§ DIRECTIONS FOR THIS TASK
Write every line below out again exactly, images omitted.

§ DATA PROVIDED
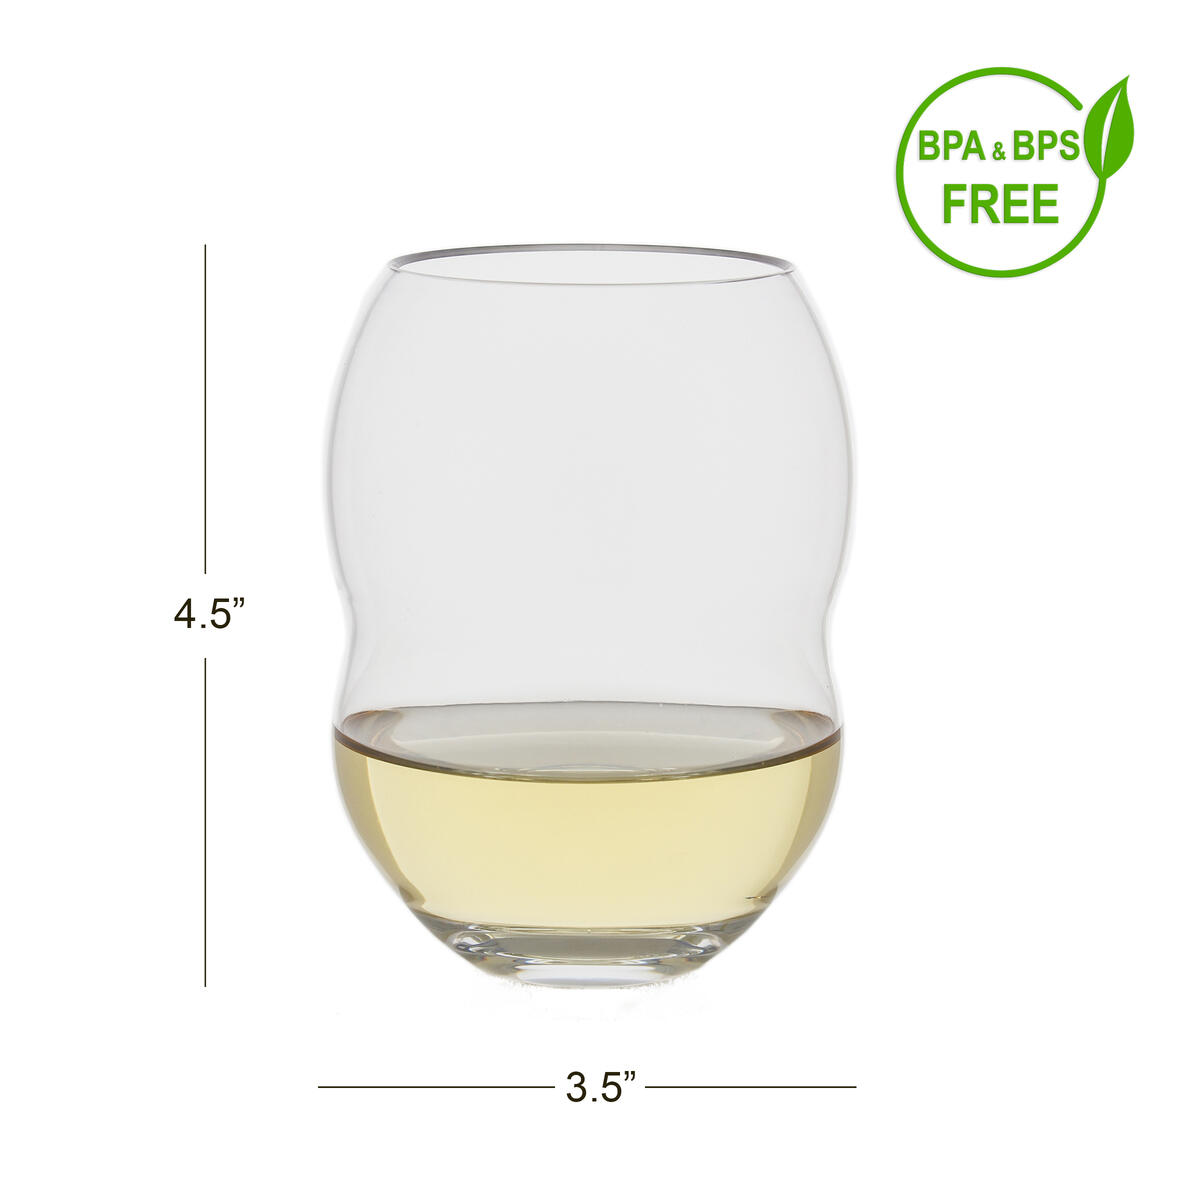 Stemless Plastic Wine Glasses - Set of 4
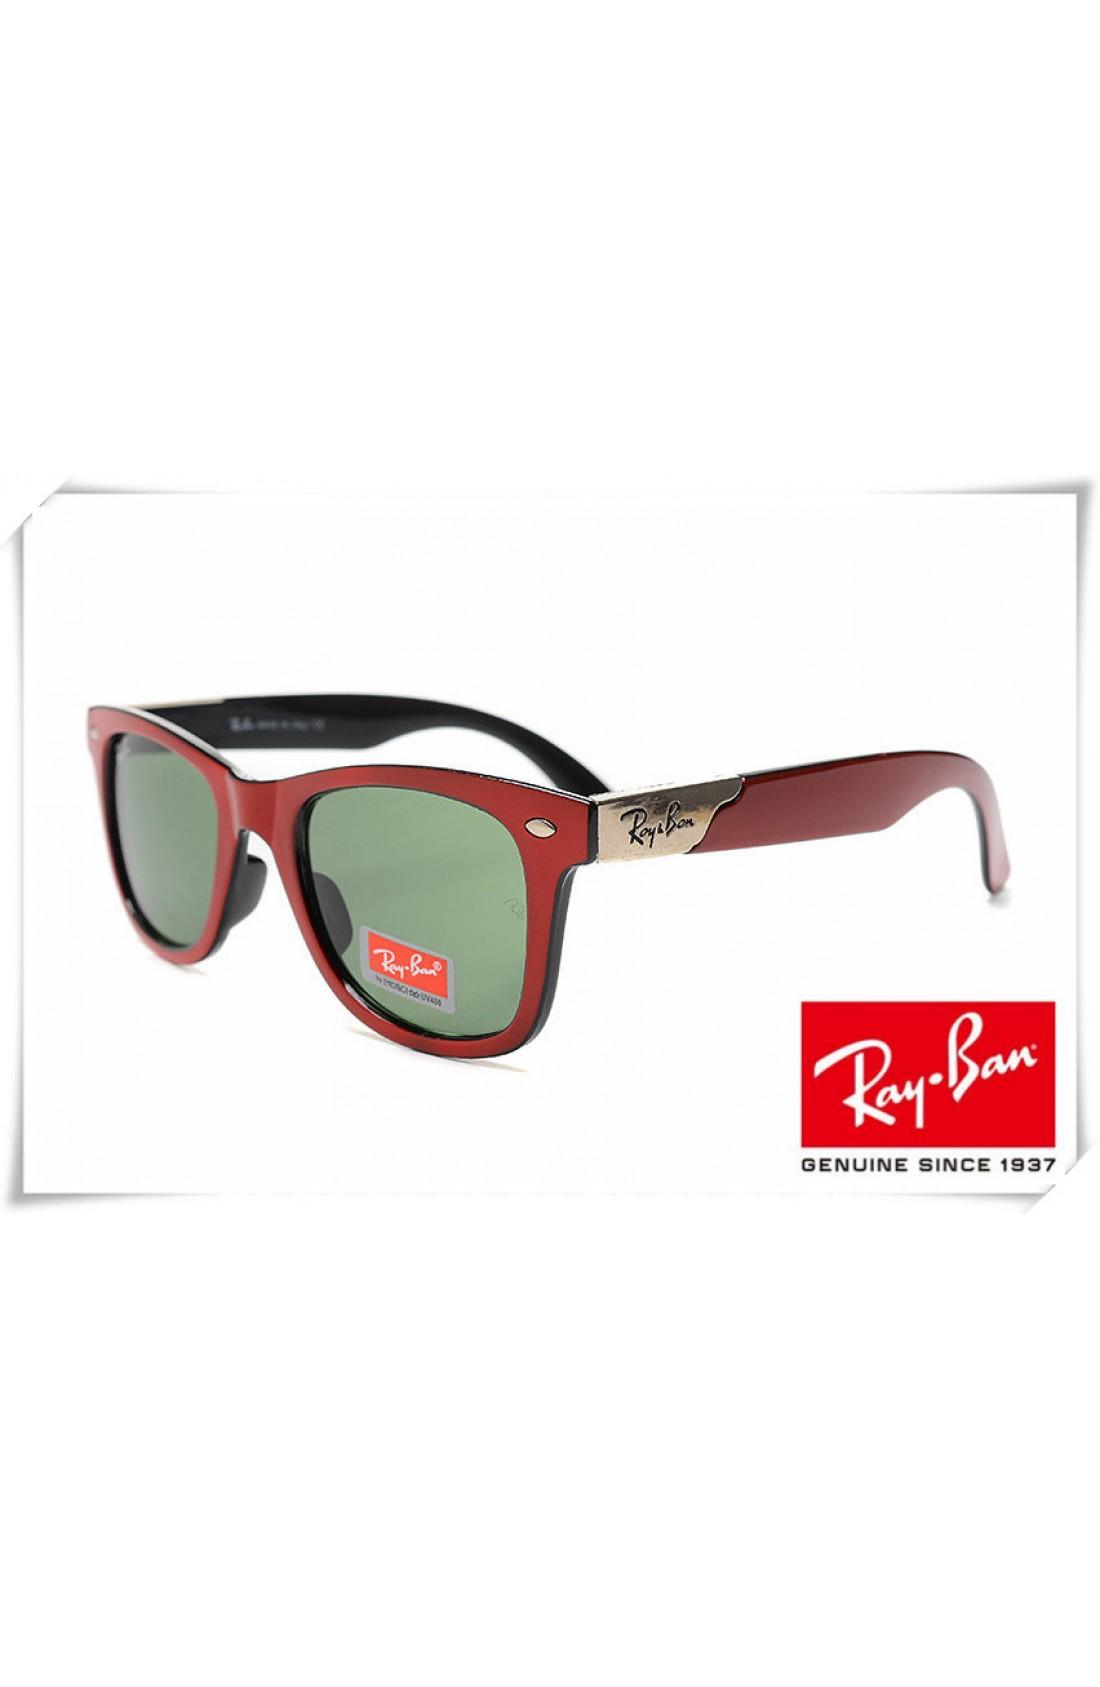 Ray Ban Eyeglasses Red Inside Heritage Malta
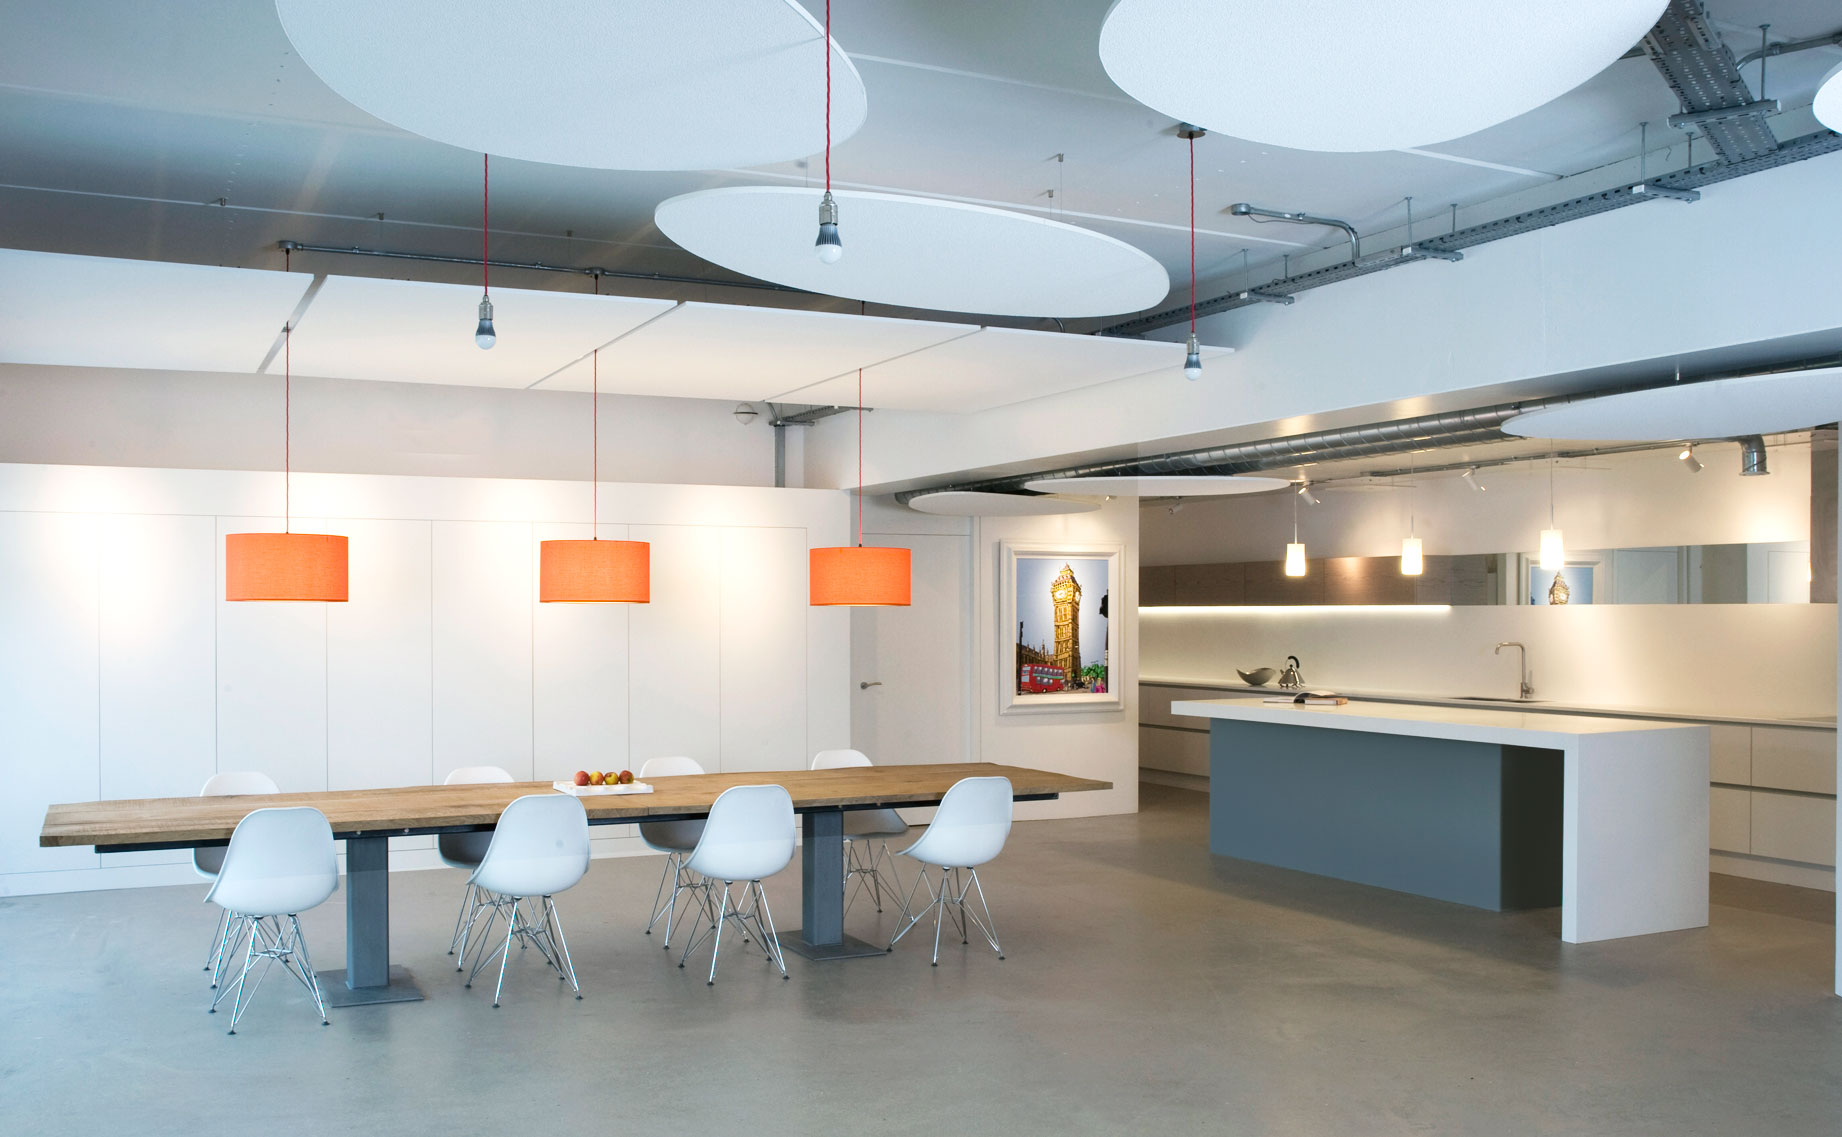 Kuche Kitchens offer superb modern style
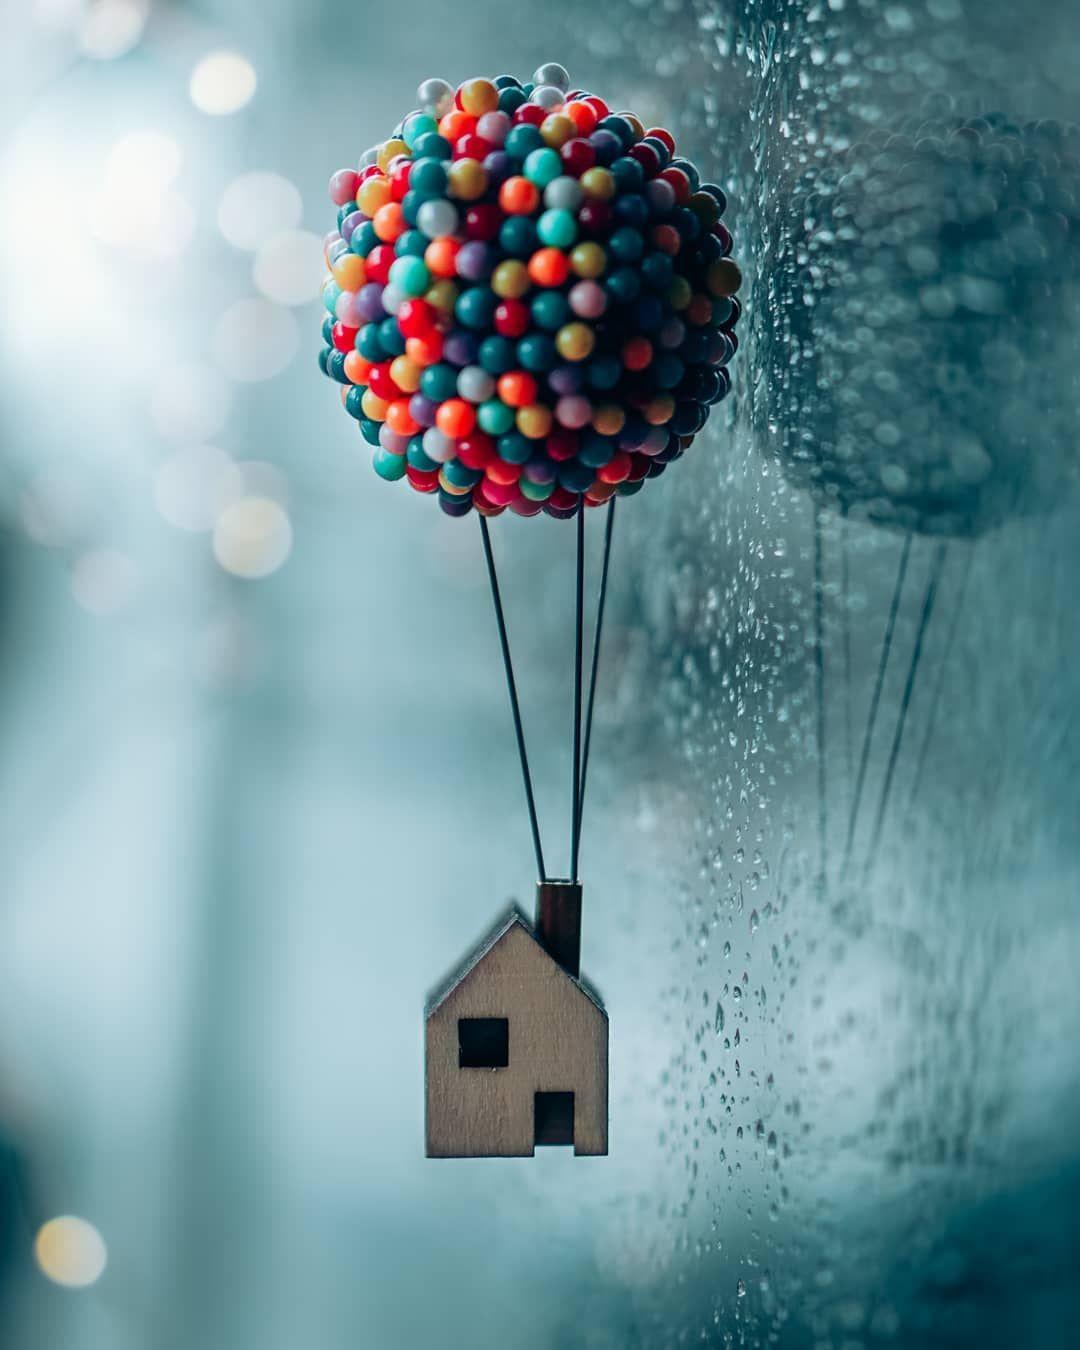 Bliss Dollhouse Wallpaper: Pin Van Vesna Vasiljević Op Beautiful... In 2019

§ RESPONSE TO THE EXERCISE
 Stemless Plastic Wine Glasses - Set of 4
 Ray Ban Eyeglasses Red Inside Heritage Malta
 Kuche Kitchens offer superb modern style
 Bliss Dollhouse Wallpaper: Pin Van Vesna Vasiljević Op Beautiful... In 2019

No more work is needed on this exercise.